Some Home COVID-19 Tests Provide Documents You Can Use to Prove You Tested Negative
The kits include 'telehealth' appointments where someone watches you take the test
With testing facilities overwhelmed by demand amid record caseloads, Americans are scrambling to prove that they’ve tested negative for COVID-19 as more countries, institutions, and venues require the documentation. Most home tests don’t allow you to document the result, but a growing number do.
Such options involve buying an approved test, then scheduling an appointment with a “telehealth proctor” who watches from afar via a video link on your computer or cell phone and generates an official document of your results. This is different from other home tests that only give you the result on a rectangular strip, much like a pregnancy test.
Starting January 15, the federal government has mandated that insurers must pay for up to eight home tests per person a month, unless a doctor prescribes more. If the insurer has a network of preferred pharmacies and vendors, you can get these home tests without any extra cost. If you go outside the network, the insurer will cover up to $12 per test and you will have to pay for anything above that. And if the insurer has not set up any network of preferred suppliers, then it must reimburse you for whatever the pharmacy or store charges.

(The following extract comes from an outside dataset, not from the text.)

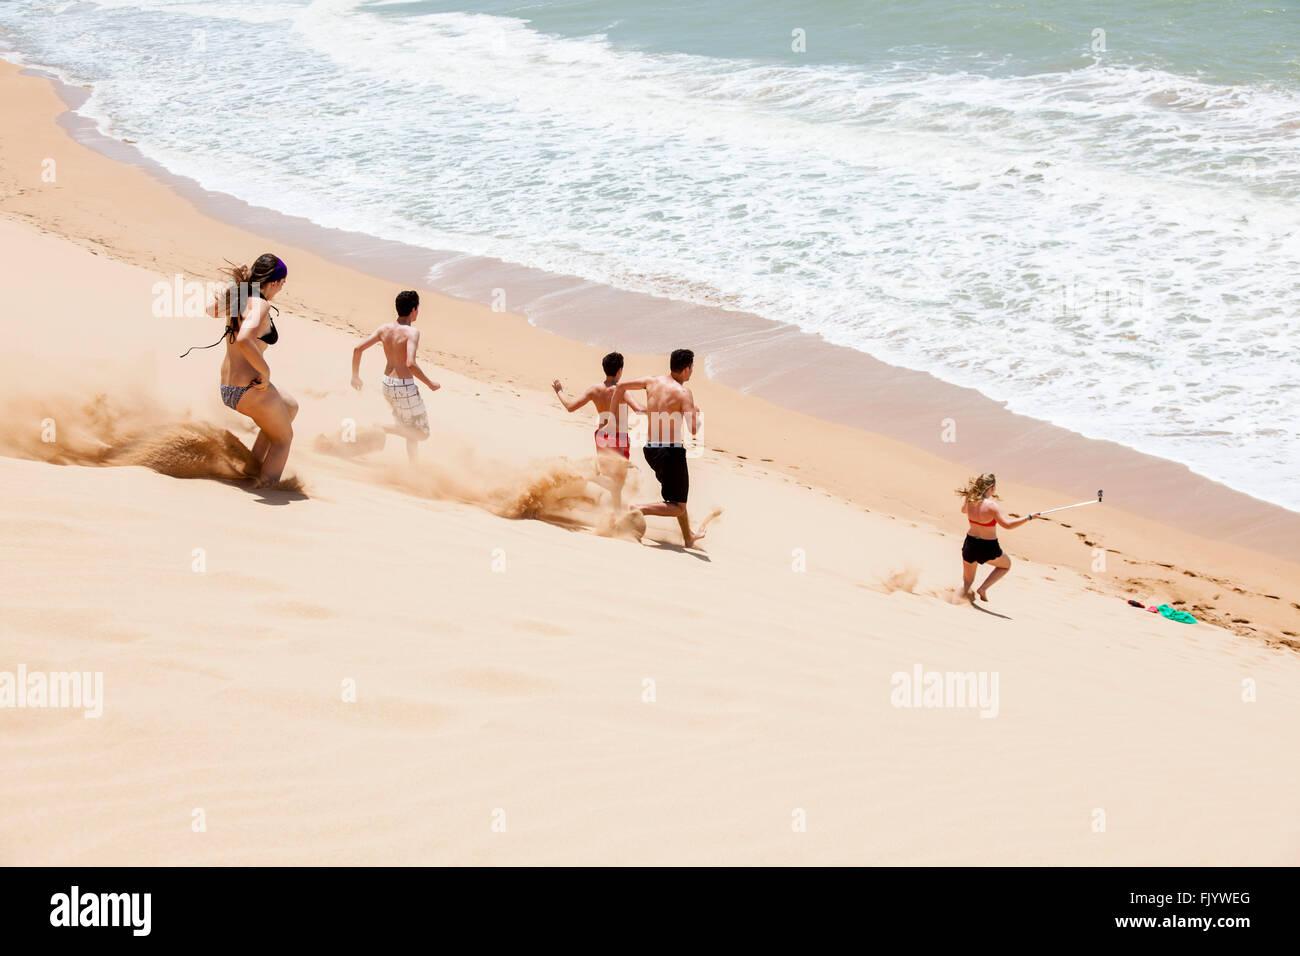 Dune runners - Stock Image

Neither the government’s initial statement of these new rules, nor a related question and answer document, specifically address monitored at-home tests, which cost more than unproctored tests.

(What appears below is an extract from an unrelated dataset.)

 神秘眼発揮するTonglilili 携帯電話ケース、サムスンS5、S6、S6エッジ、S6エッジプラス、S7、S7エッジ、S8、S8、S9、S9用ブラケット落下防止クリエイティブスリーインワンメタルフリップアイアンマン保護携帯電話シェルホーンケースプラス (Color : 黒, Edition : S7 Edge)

The government also plans to make hundreds of millions of at-home tests available for free.
If you prefer a PCR test, which is more accurate than a rapid antigen test, some companies, including LetsGetChecked, allow you to gather your own sample at home and mail it to a lab. Some airlines offer links to mail-in or supervised COVID-19 tests, but make sure to compare the prices at these links with the prices the manufacturer lists.

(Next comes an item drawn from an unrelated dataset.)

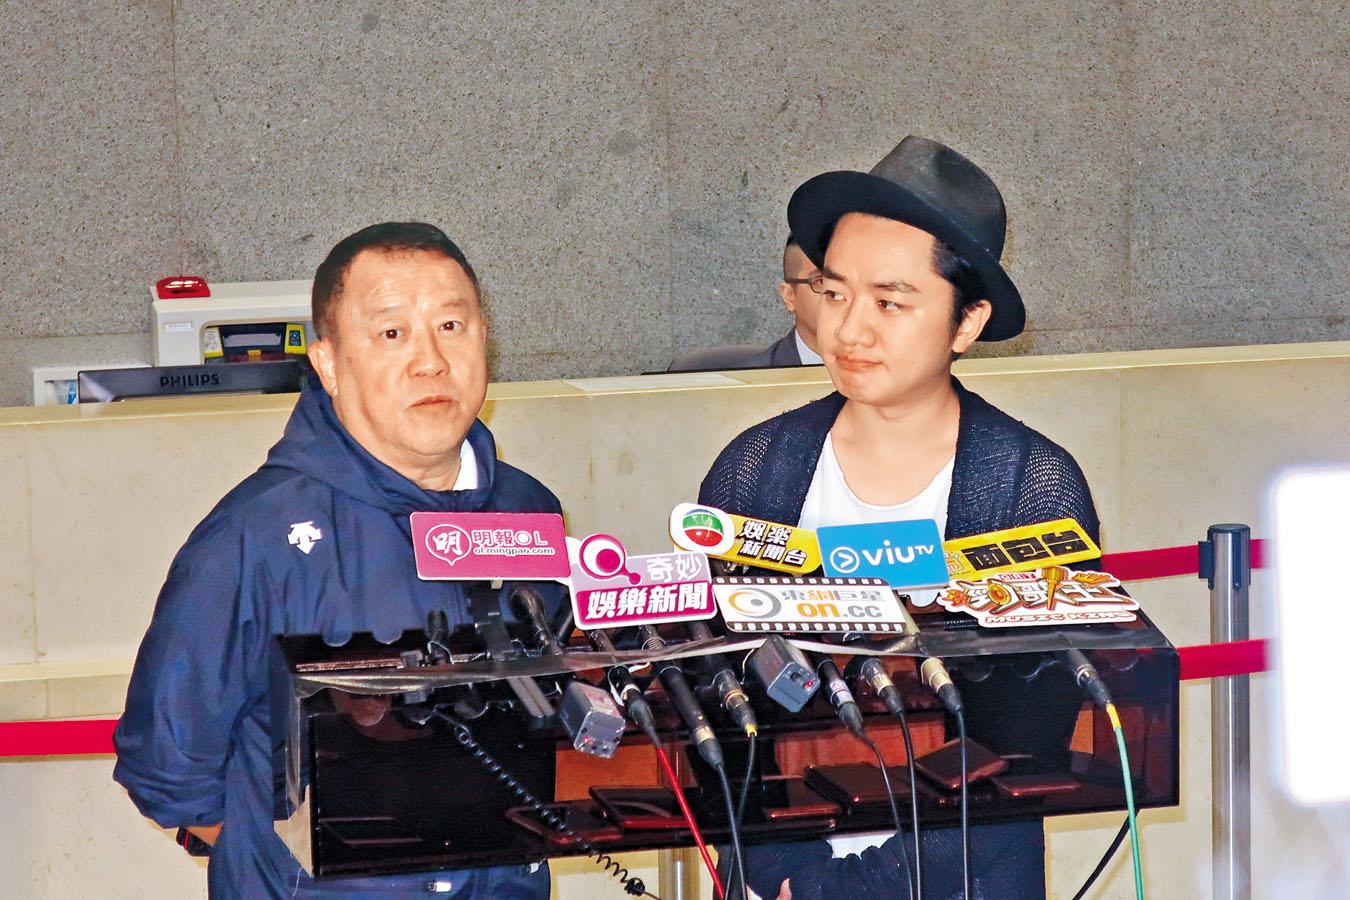 志偉與祖藍由《獎門人》年代開始合作,兩人默契十足。  ������ɤ��a�o�i��|�A�Q���F������P�S���|���A���X�a���i�Ϋس]�ʪ����C��|����(Eric Tsang Chi Wai)(��,L)�P���Ѫ�ï¿?Wong Cho Lam)(�k,R)������X�ݡC2018/09/04��ï¿?�T��36

Another similar option is Labcorp’s Pixel, which both Walgreens and CVS offer for $125, but both were sold out in early January.
Companies such as Vault, which partners with Hawaiian Airlines, send you an at-home PCR kit; you send the kit in with your saliva sample after an agent remotely watches you taking the test.
This list isn’t comprehensive, and new options are frequently coming to market, so look around for the option that works best for you to document that you’re free of the virus.